Ng raised prices when ingredients got expensive, but he tries to keep the increases under a dollar. Customers have been understanding, Ng said.

“The customers don’t complain about the price right now,” Ng said. “Even they see how expensive everything is becoming,”

Reich, the economist, said the immediate effects of the wage hike will not be extreme because many entry level jobs already pay more than minimum wage.

But a lot of small businesses, especially those located in high-rent urban areas, can’t afford to absorb any new costs. If we want small, non-chain businesses to be a part of Los Angeles’s future, we have to level the playing field. Individual business owners will continue to lose ground to highly-capitalized real estate interests unless we construct an economy where operating a small business is truly viable. In Berkeley, for example, small businesses have access to a special loan fund and enjoy a simplified permitting process.

A high minimum wage can be a part of that future. More money in the hands of fast-food workers means more spending power in communities and neighborhoods that need it, and more income for local businesses. But someone always has to pay the price for California’s progressive politics, and too often it is minorities, immigrants and wage workers that get the bill.

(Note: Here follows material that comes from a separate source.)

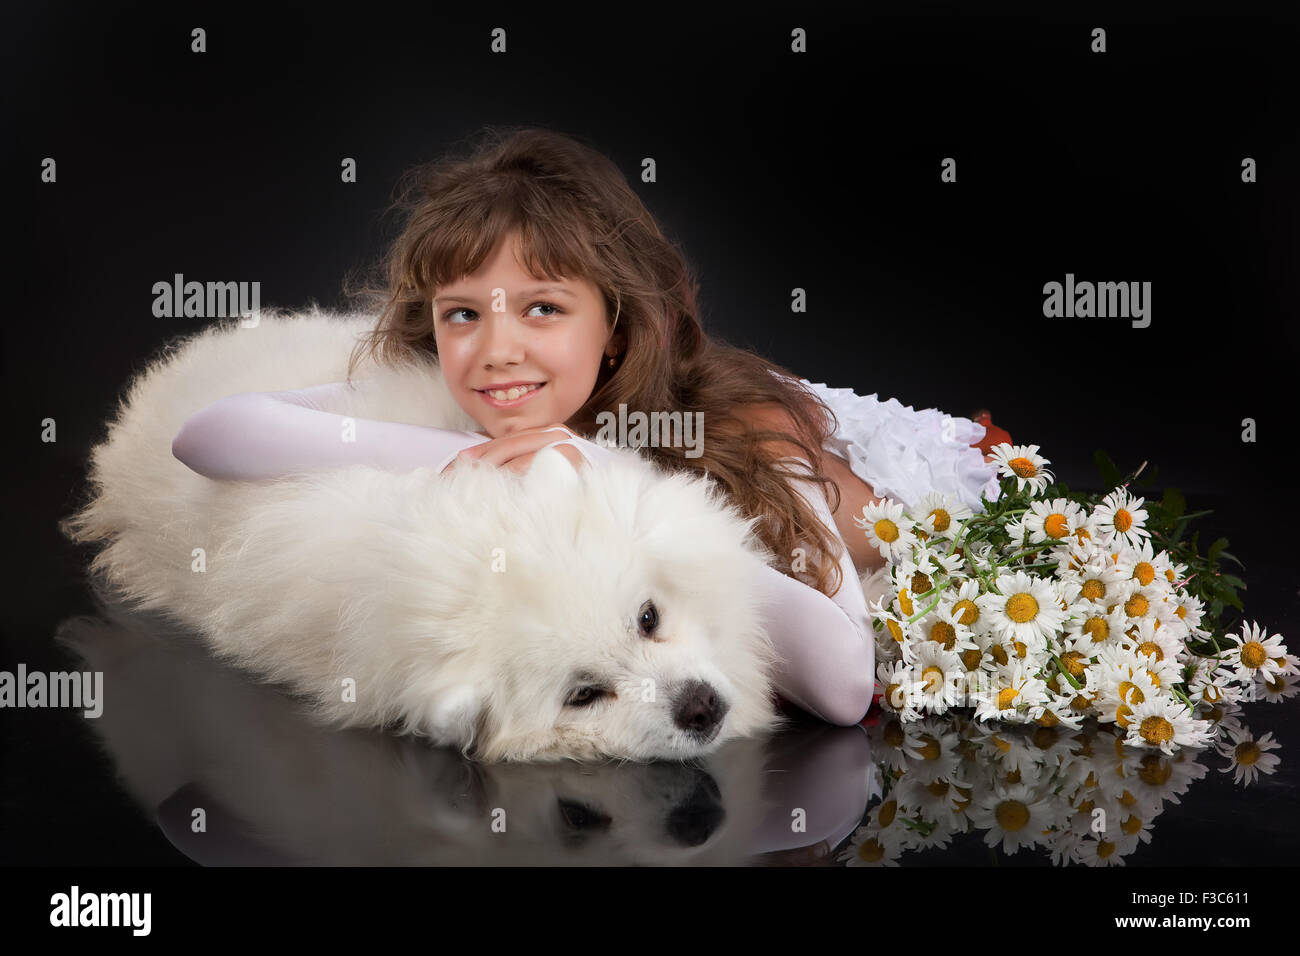 Hund Tier Kind Mädchen kleine reinrassige Tiere weibliche Kindheit Freundschaft Person Farbe Glück spielen kaukasischen Nahaufnahme Stockfoto
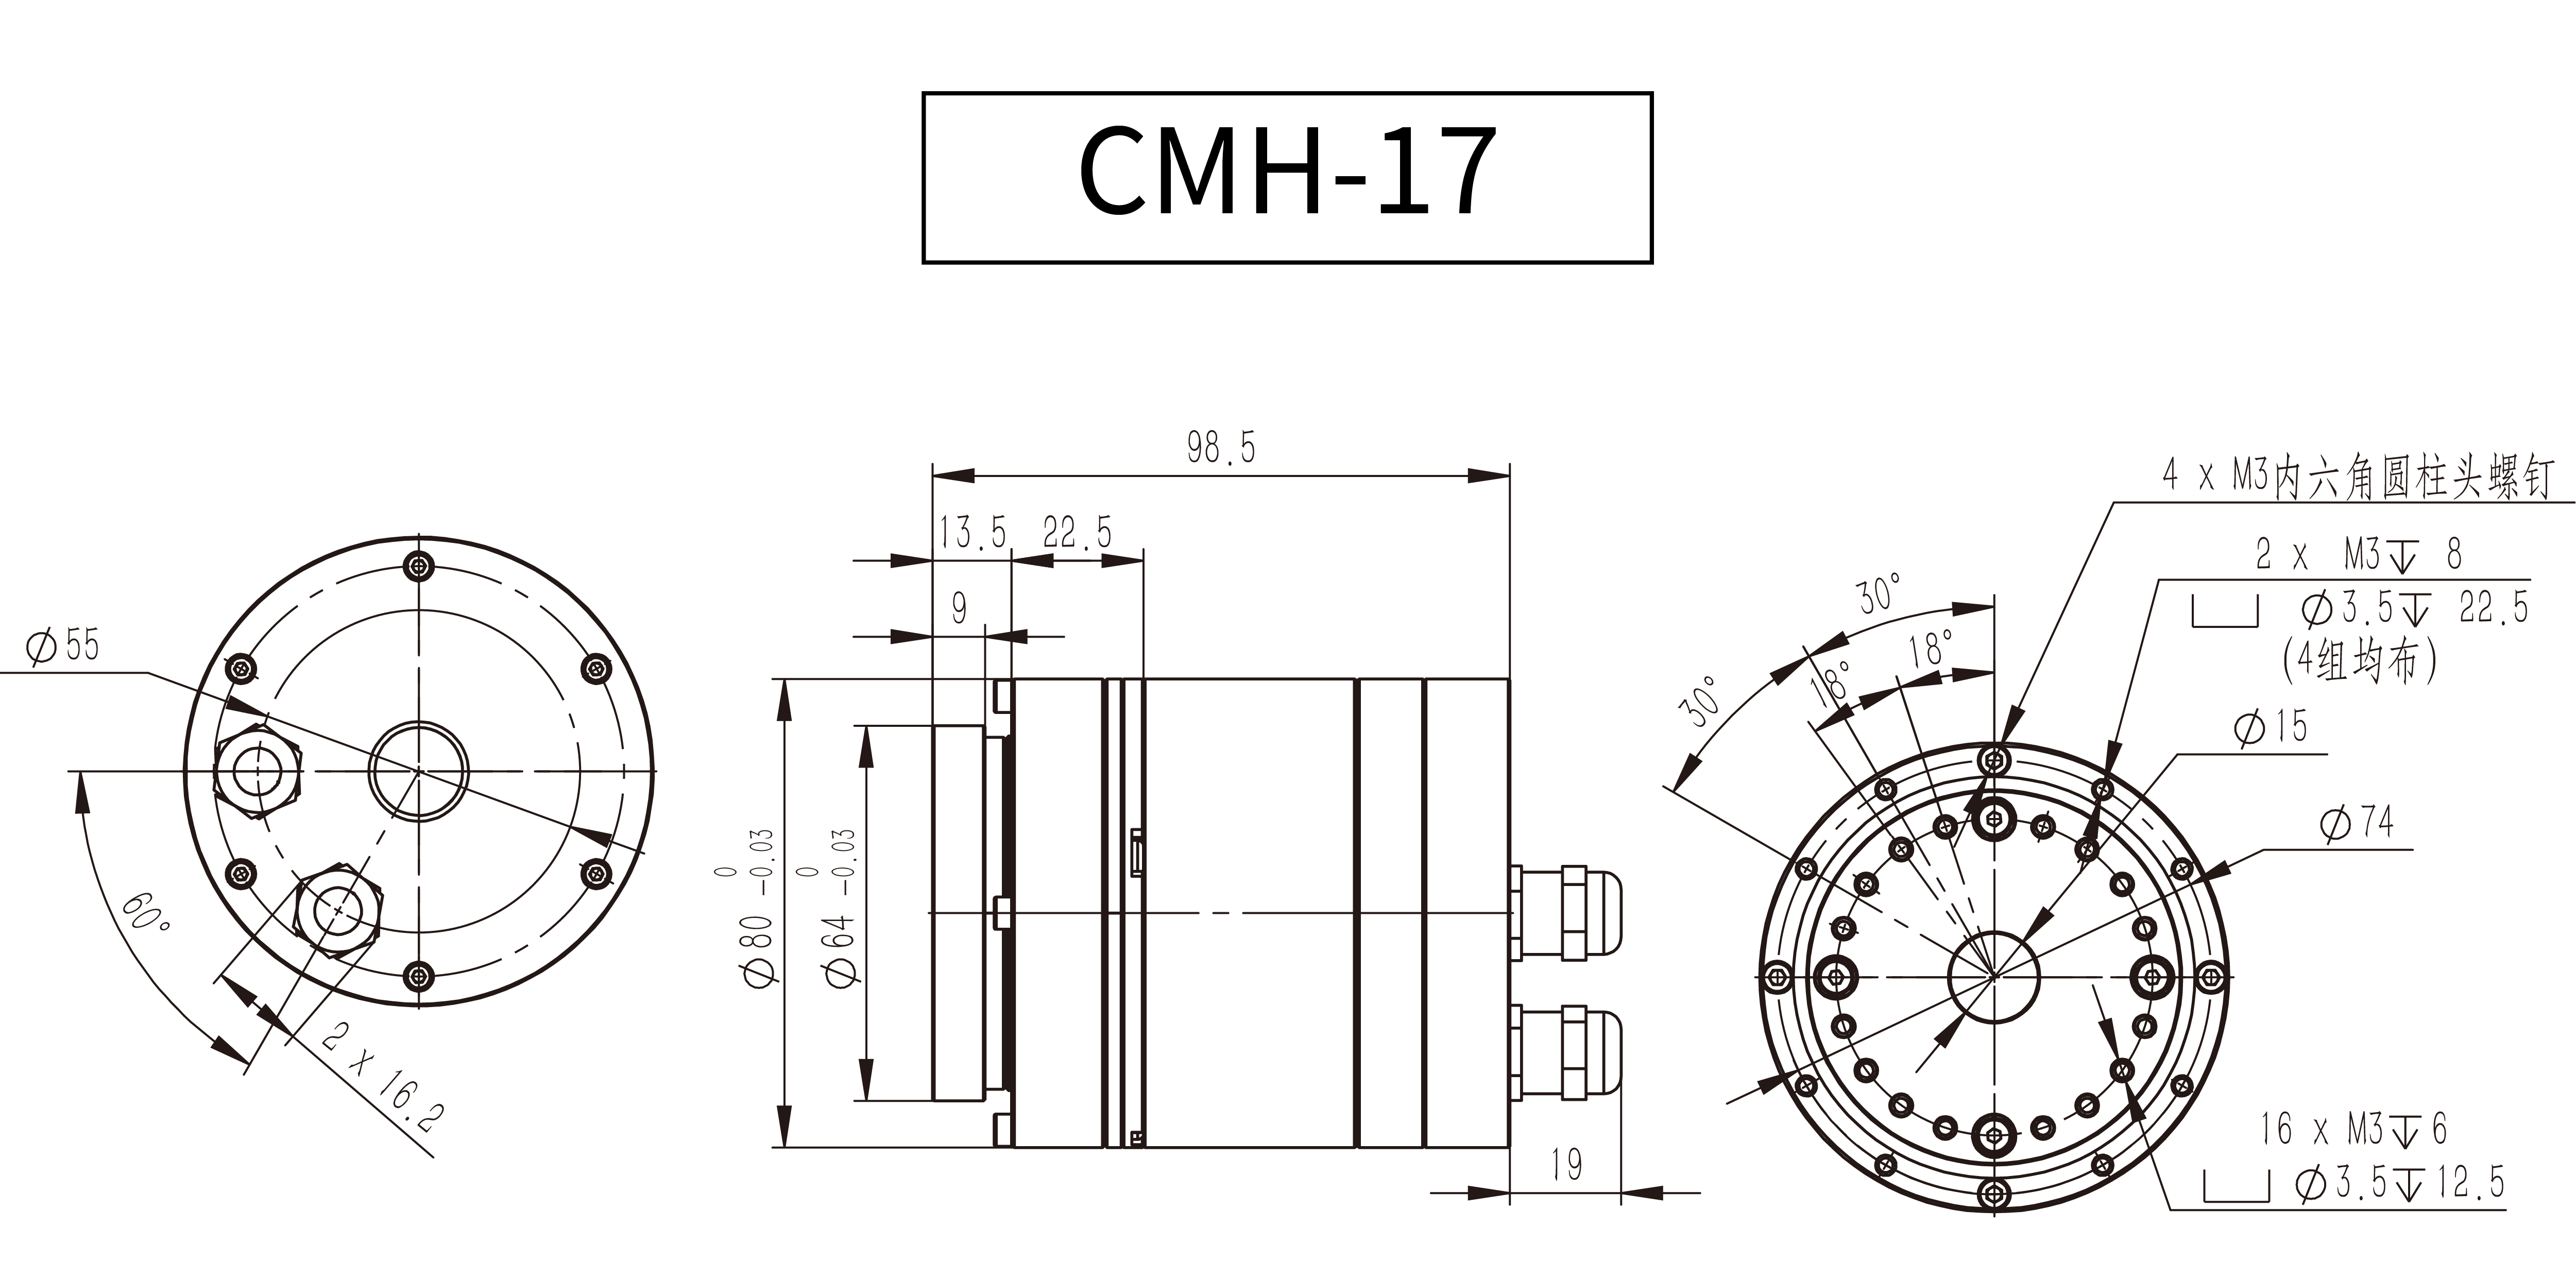 高压模组_CMH-17.jpg

Meanwhile, Foronda is trying to keep his goals modest. He began the year hoping to make it to February, the restaurant’s 5-year anniversary. His new short-term goal is October, Filipino American History Month. If the business has to end then, at least he’ll be able to go out with a bang.

“Five years was always the point in which I was going to step back and take a look at how this fits in my life, how my health is, how my mom’s health is,” Foronda said. “So now we’re here.”